Unlike the other methods we've looked at so far, the K-Ary method is not a different type of Modular Exponentiation, but rather is a general way to speed up the the other forms by storing parts of the calculation that we only need to calculate once.

Now before we get to the actual algorithm, let's get back to the basics of modular exponentiation.  All the different ways we've looked at so far have had more or less the same design:

1. Initialize our variables.  Let 'I' = 0, the index of the Least Significant Bit
2. If the `I`th least significant bit of the `Exponent` is set, multiply the `Result` by the `Base`, and reduce by the `Modulus`.
3. Square the `Base` and reduce it by the `Modulus`.
4. Increment `I` by 1.
5. If I is not greater than the Most Significant Bit, go to Step 2.

Notice that we perform the calculations based on the least significant bit of the exponent.

So all of the methods we've looked at so far are based on us examining the exponent from right to left, i.e. the least significant bit to the most significant bit....
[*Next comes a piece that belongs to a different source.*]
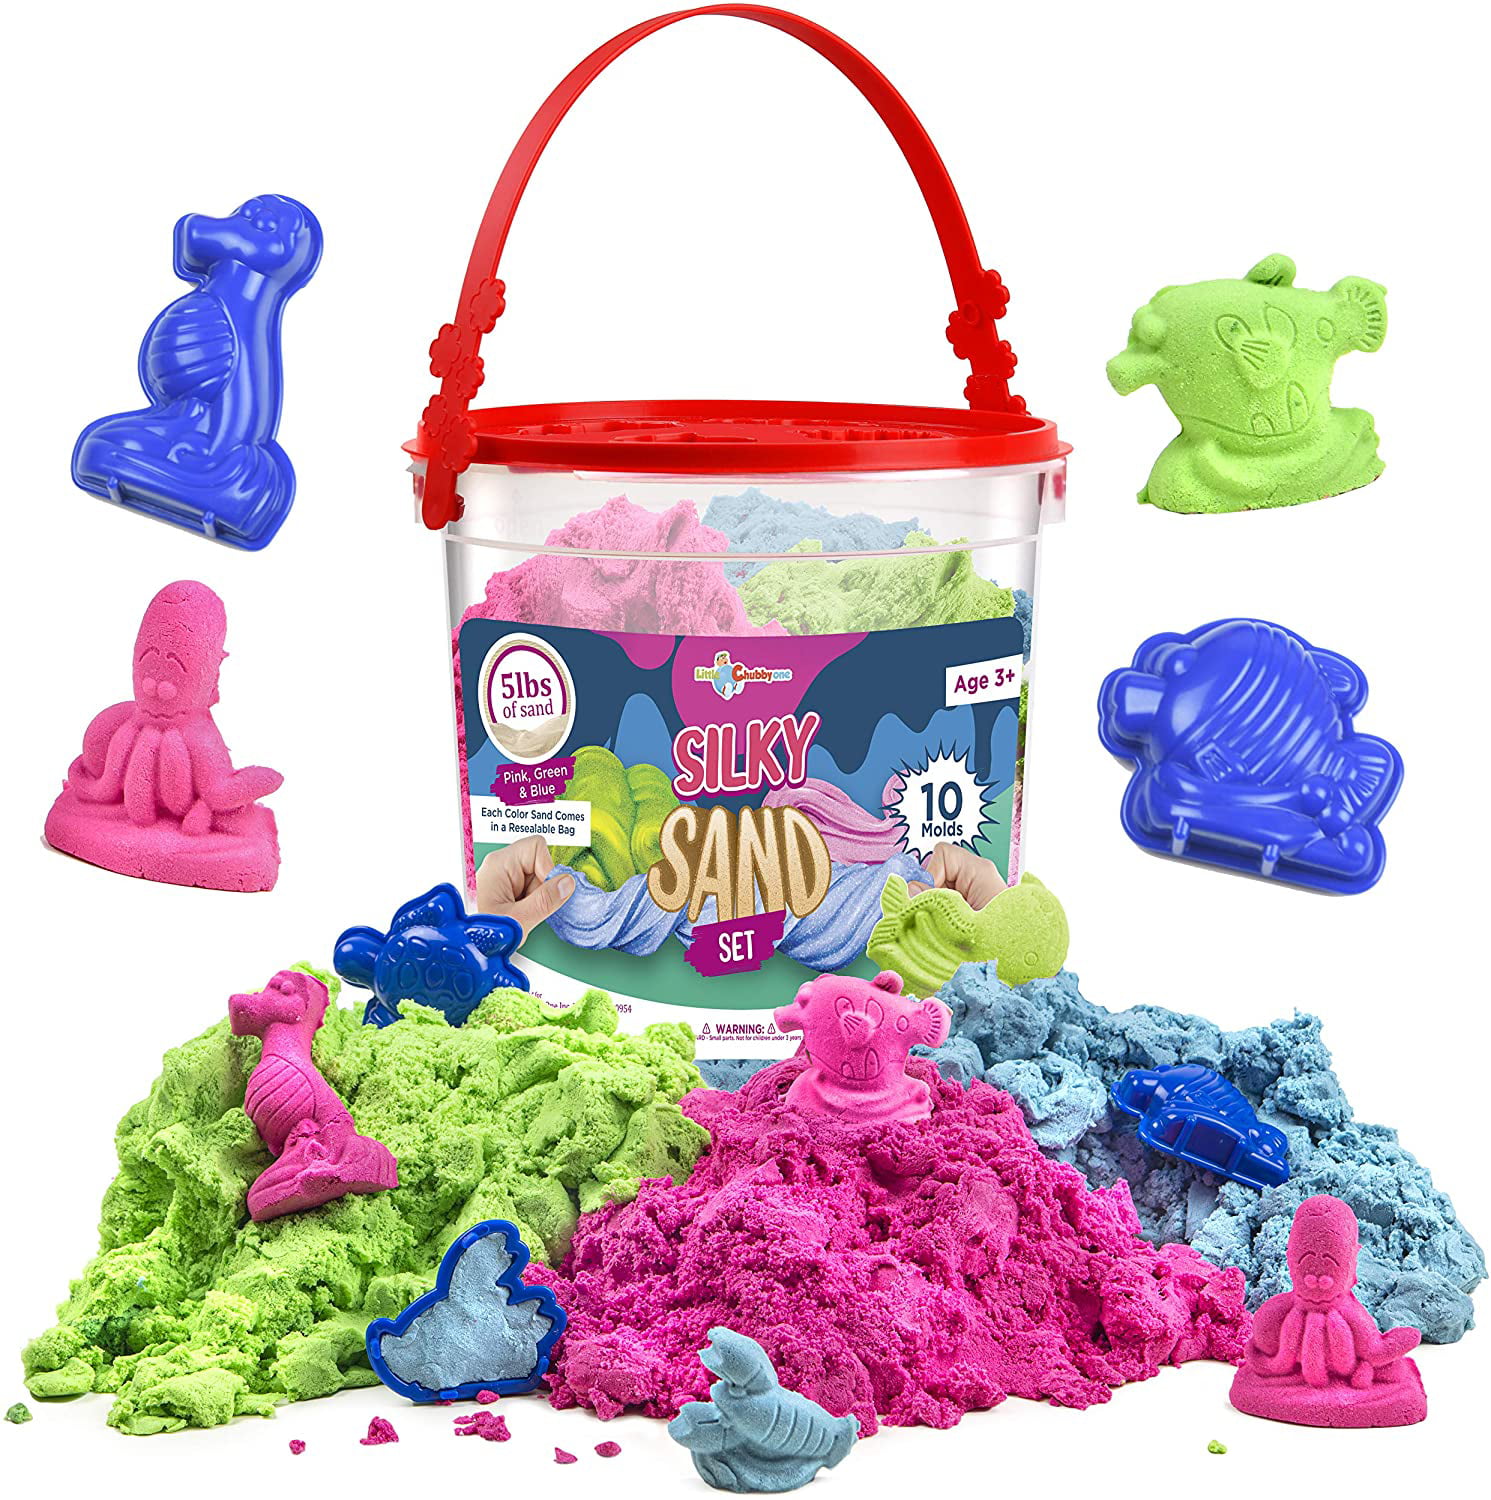 Magic Sand Set Natural LITTLE CHUBBY ONE 2 Lb Play Sand Play Set with Molds Helps Develop Creativity and Motor Skills Mess Free Play Comes in for Boys and Girls

But what if we want to start at the other end?

Well the algorithm is pretty much the same, except now instead of squaring the base, we square the result.

1.  Initialize our variables.  Let '`I`' be the index of the Most Significant Bit
2.  Square the `Result`, and reduce it by the `Modulus`.
3.  If the `I`th most significant bit is set, multiply the `Result` by the `Base`, and reduce by the `Modulus`.
4.  If `I` is not equal to 0, then Decrement `I`, and go to Step 2.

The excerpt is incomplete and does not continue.